Pada tanggal 4 Februari 2025, Administrasi Makanan dan Obat-obatan AS (FDA) menyetujui Emblaveo, sebuah antibiotik senyawa yang dikembangkan oleh ABBVIE, dalam kombinasi dengan metronidazole untuk pengobatan infeksi intra-abdominal kompleks (CIAI) pada orang dewasa. Persetujuan ini ditujukan untuk pasien dengan pilihan pengobatan alternatif yang terbatas atau tidak ada, terutama yang disebabkan oleh infeksi bakteri gram negatif spesifik seperti Escherichia coli, Klebsiella pneumoniae, Klebsiella pneumoniae, kompleks Enterobacter cloacae, kompleks Citrobacter freundii, dan serratia marcescens.
Ini adalah terapi kombinasi pertama yang disetujui di dunia dari antibiotik monosiklik dosis tetap - inhibitor laktam dan - inhibitor laktase, menandai terobosan penting dalam pengembangan obat anti infektif. Terhadap latar belakang resistensi antimikroba (AMR) yang mengancam keamanan kesehatan masyarakat global, peluncuran Emblaveo tidak hanya menyediakan dokter klinis dengan senjata baru, tetapi juga mengungkapkan jalur inovatif bagi perusahaan farmasi multinasional untuk berkolaborasi dalam memerangi superbug.
Sebagai antibiotik monosiklik - laktam, meskipun efektif terhadap bakteri negatif Gram seperti Pseudomonas aeruginosa, itu mudah dihidrolisis dan dianggap tidak efektif oleh - enzim laktam. Avibactam, sebagai penghambat generasi ketiga-laktase, dapat menghambat berbagai enzim yang resistan terhadap obat termasuk KPC dan OXA -48. Pada 2015, penelitian Pfizer mengkonfirmasi bahwa kombinasi keduanya dapat mengurangi konsentrasi penghambatan minimum (MIC) azuron terhadap bakteri penghasil enzim dengan {8-16 kali.
Percobaan fase 3 yang kritis ditinjau kembali mengadopsi desain multicenter, double-blind dan termasuk 856 pasien dengan infeksi perut yang kompleks. Hasilnya menunjukkan bahwa:
-Kure laju penyembuhan klinis dari kelompok emblave+metronidazole adalah 92,3%, secara signifikan lebih baik daripada kelompok meropenem (87,1%);
-Targeting bakteri Enterobacteriaceae yang memproduksi spektrum yang diperluas - laktamase (ESBL), laju penyembuhan meningkat sebesar 15%;
-Sejek reaksi yang merugikan sebanding dengan kelompok kontrol, dan tidak ada sinyal toksisitas hati atau ginjal yang ditemukan.
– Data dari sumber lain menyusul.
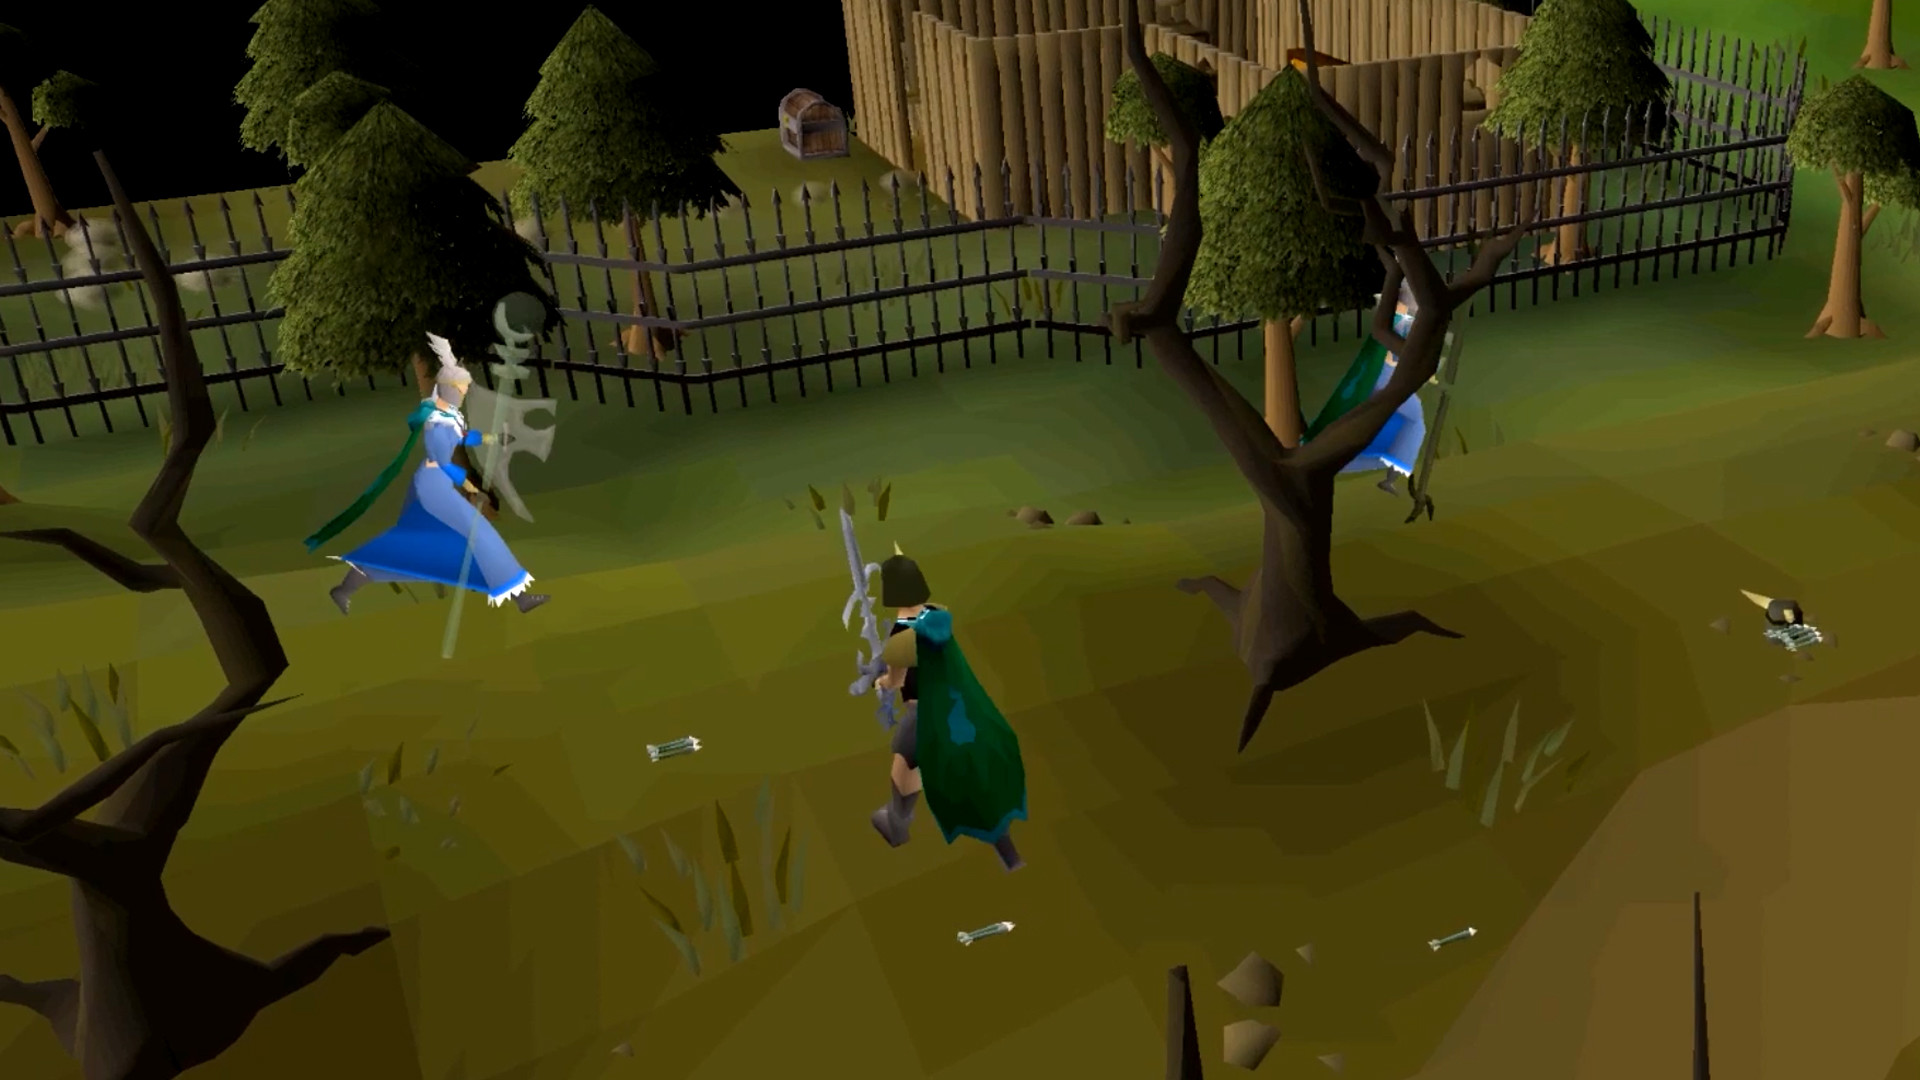 Touring Old School RuneScape, where 2007 never ended

Berdasarkan data revisit, FDA telah memberikan kelayakan tinjauan prioritas kepada Emblaveo dan mengesampingkan beberapa persyaratan studi non klinis. Hanya butuh 8 bulan dari pengajuan aplikasi obat baru (NDA) untuk persetujuan, menetapkan catatan untuk kecepatan persetujuan obat anti infektif dalam lima tahun terakhir.
Desain majemuk Emblaveo memiliki inovasi ganda:
Monocyclic - lactam (azuron) dapat menembus porin membran luar bakteri gram negatif, mengikat protein pengikat penisilin (PBP), dan mengganggu sintesis dinding sel; Persiapan senyawa tradisional sering menggunakan struktur cincin ganda (seperti sefalosporin). Avibactam tidak hanya menghambat enzim AMBLER A-Class (seperti TEM dan SHV), tetapi juga efektif terhadap enzim AMPC C-Class dan enzim D-Class OXA -48, mencakup lebih dari 90% mekanisme resistansi klinis yang umum.
Kombinasi ini secara signifikan meningkatkan aktivitas antibakteri Emblaveo terhadap bakteri resistan multi-obat (MDR). Eksperimen in vitro menunjukkan bahwa MIC50 terhadap strain yang menghasilkan logam - laktase (MBL) adalah 2 μ g/mL, sedangkan karbapenem tradisional sama sekali tidak efektif.